# Horses



## Dash (Oct 5, 2008)

Like cyclists they have every right to use the road; and the skill involved is unarguably significant.

But really, 8:45am on a Monday morning and you thought it'd be a good time to move 6 horses on public roads?

I must confess I have no idea how to control a horse, but one would expect that all those passing points and side-roads would have been perfect place to pull in to if you didn't want to hold up the rest of the ****ing world!

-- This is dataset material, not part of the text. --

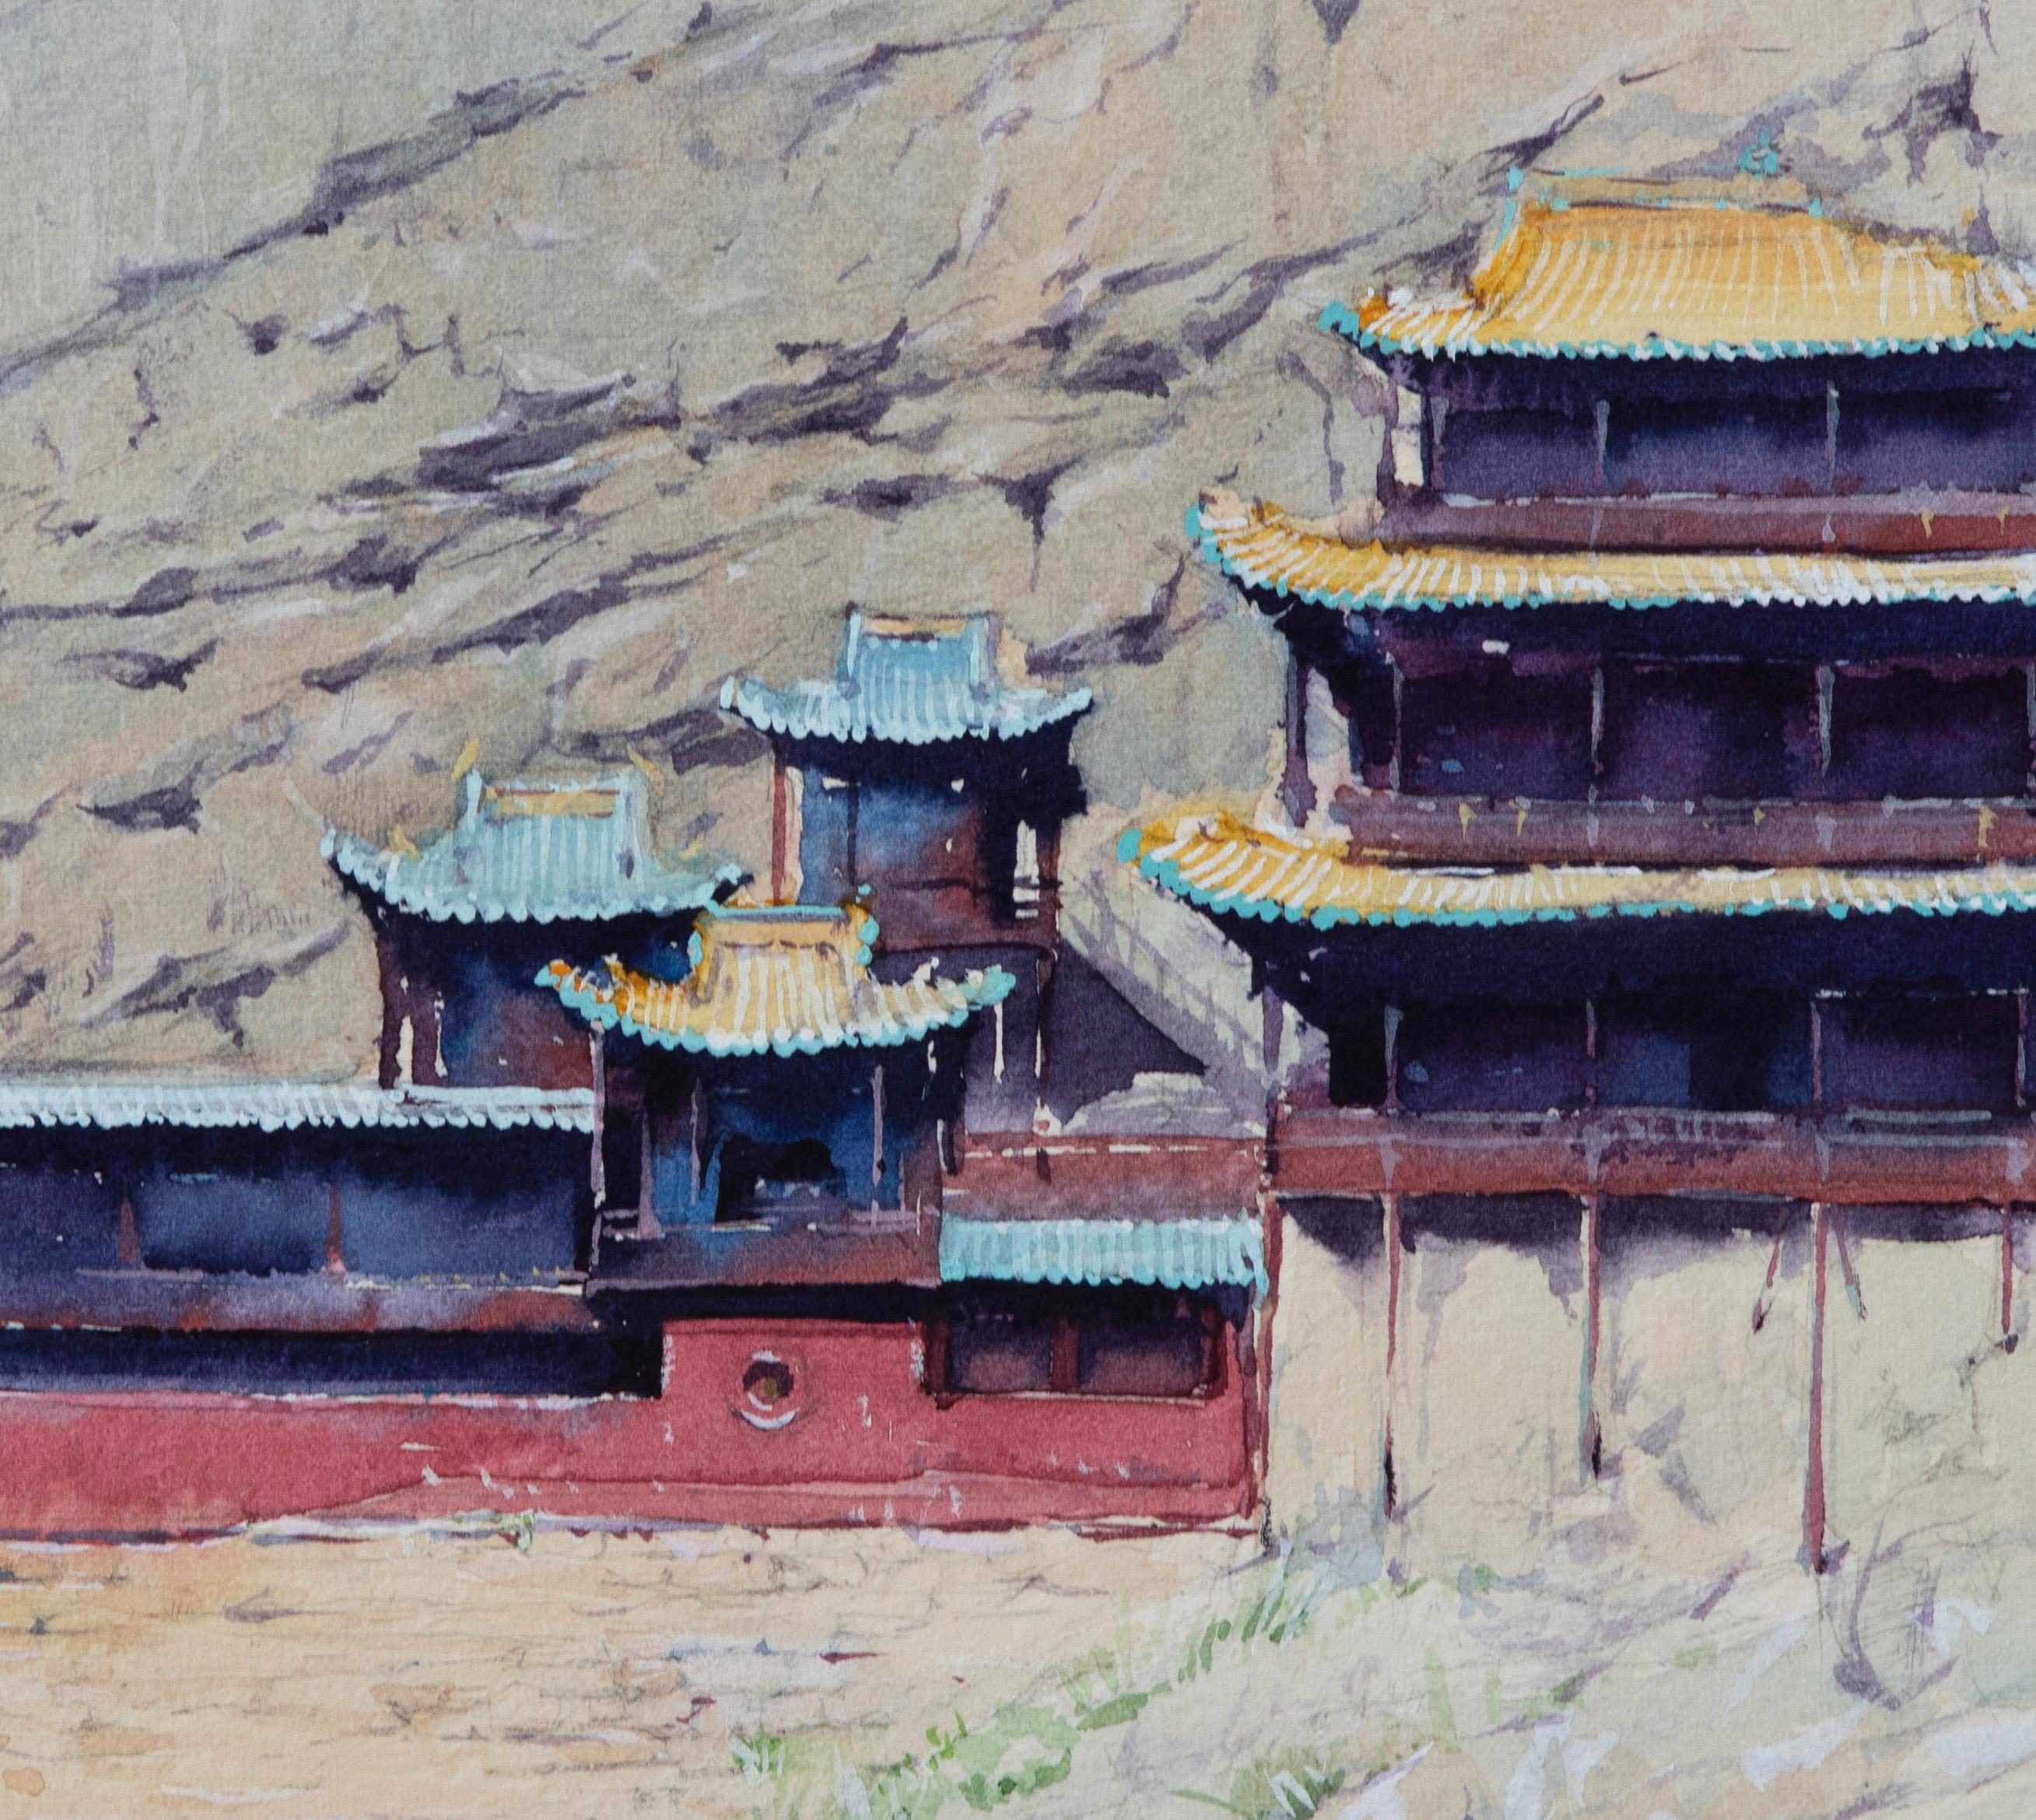 <p>Artist Comments<br>Artist Siyuan Ma presents an impressionist depiction of the Hanging Temple, a famous cultural landmark in China. Its Chinese name takes the character

I'm considerate enough not to roar past, but to drop into neutral and coast by when safe to do-so; and you repay that courtesy by standing your ground and holding everybody up in the middle of rush hour. Nice one! [smiley=bomb.gif]


----------



## ScoobyTT (Aug 24, 2009)




----------



## YoungOldUn (Apr 12, 2011)

ScoobyTT said:


>


 :lol: :lol: :lol:


----------



## T3RBO (Dec 9, 2003)

Horses belong in fields, not on roads :x


----------



## newt (May 12, 2002)

Did you know that if you are stationary in your car and a horse then does damage the horse and owner are innocent, they have all rights you have none. Friend of mine found this out when his car was ruined.


----------



## Dash (Oct 5, 2008)

Wtf?


----------



## newt (May 12, 2002)

Nothing can be the horses fault. :twisted:


----------



## Dash (Oct 5, 2008)

Ah, now if the horse was roaming then I can understand that; it's an animal after-all. But if the horse was being ridden then the rider is entirely responsible for it.


----------



## newt (May 12, 2002)

Dash said:


> Ah, now if the horse was roaming then I can understand that; it's an animal after-all. But if the horse was being ridden then the rider is entirely responsible for it.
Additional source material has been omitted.